Rivera, quien nació en Nueva York de padre inmigrante peruano y madre estadounidense, dijo que él e Ibarra quieren producir un trabajo que describa con mayor precisión la inmigración, la frontera y los hispanos. Dijo que eso es difícil en el mundo del cine, que a menudo produce representaciones distorsionadas y estereotipadas de esas comunidades.

Dijo que la beca MacArthur los ayudará en ese trabajo, y calificó las subvenciones MacArthur combinadas de 1.25 millones de dólares como “un cambio de vida”.

“Esa cantidad de apoyo también equivale a menos de la mitad del presupuesto de un episodio de una hora de 'Narcos'”, dijo Rivera sobre la serie de Netflix sobre narcotraficantes. “Eso no es para menospreciar el premio, es un regalo increíble.
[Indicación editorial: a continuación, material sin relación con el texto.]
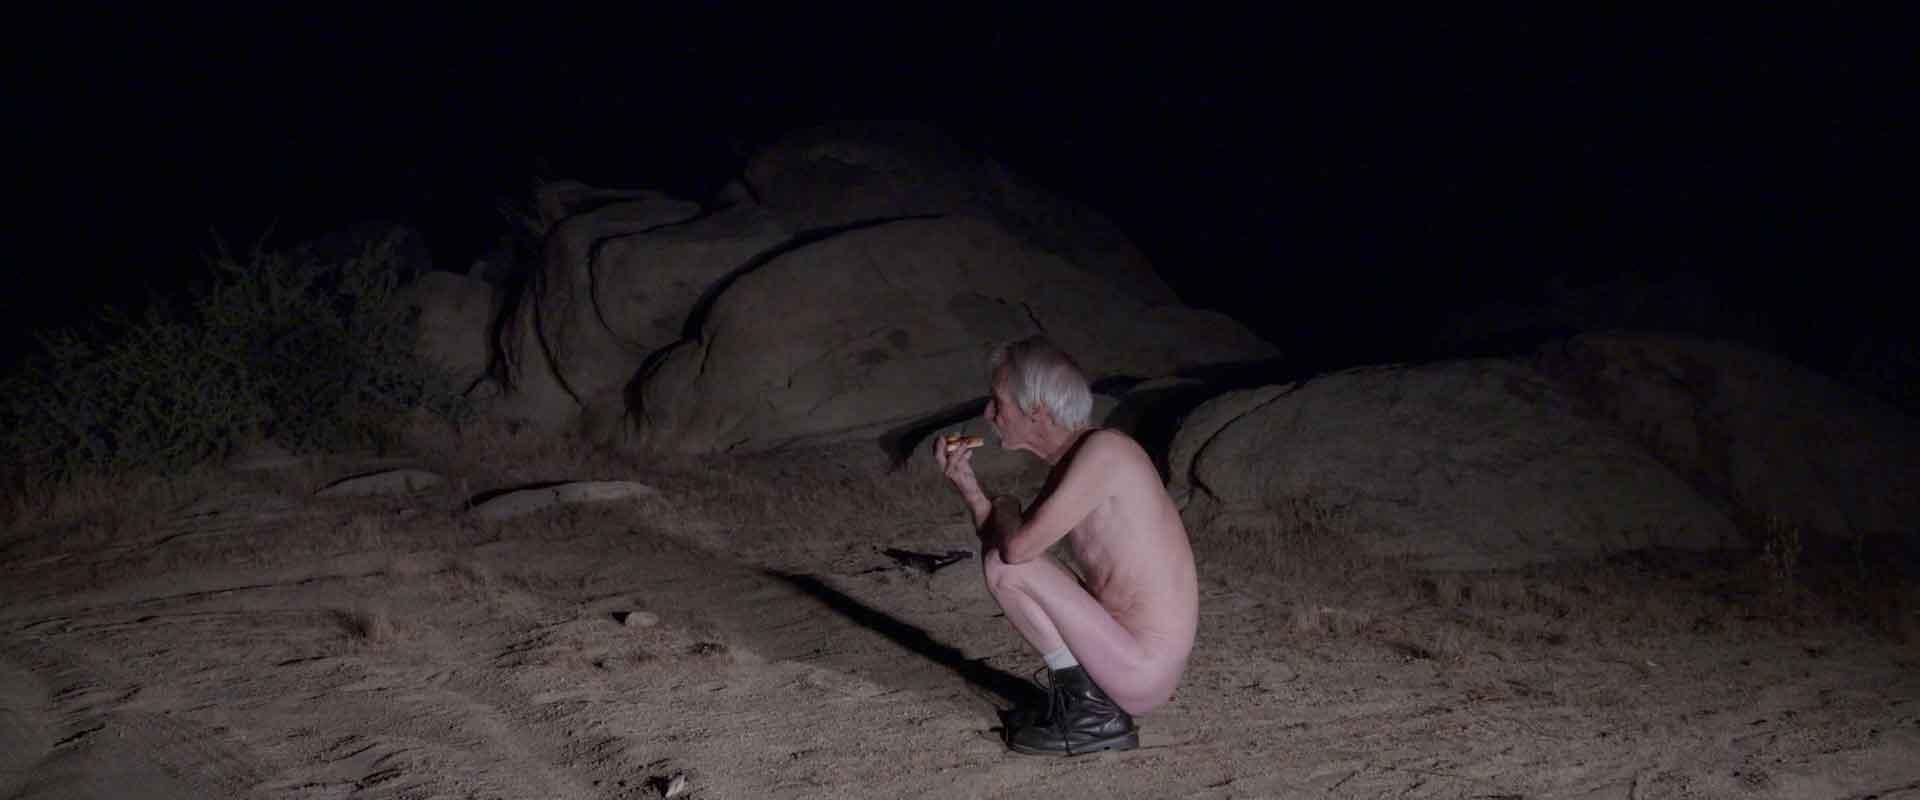 Night // Odin Wadleigh

Pero la escala de la máquina que se ha creado (imágenes equivocadas, negativas e hirientes de la frontera y de nuestras familias transfronterizas), esa máquina es gigantesca. Consideramos que nuestra misión es intentar construir una alternativa a esa máquina. Así que este apoyo es un comienzo increíble y audaz”.

Ibarra dijo que su identidad como fronteriza seguirá guiando su trabajo.

“Cuando estaba creciendo en El Paso, todo lo que realmente quería hacer era irme. Pero cuando me fui, descubrí que las características únicas que hicieron de El Paso fueron también las que me dieron pasión. En lo que solía tener vergüenza, encontré pasión”, dijo.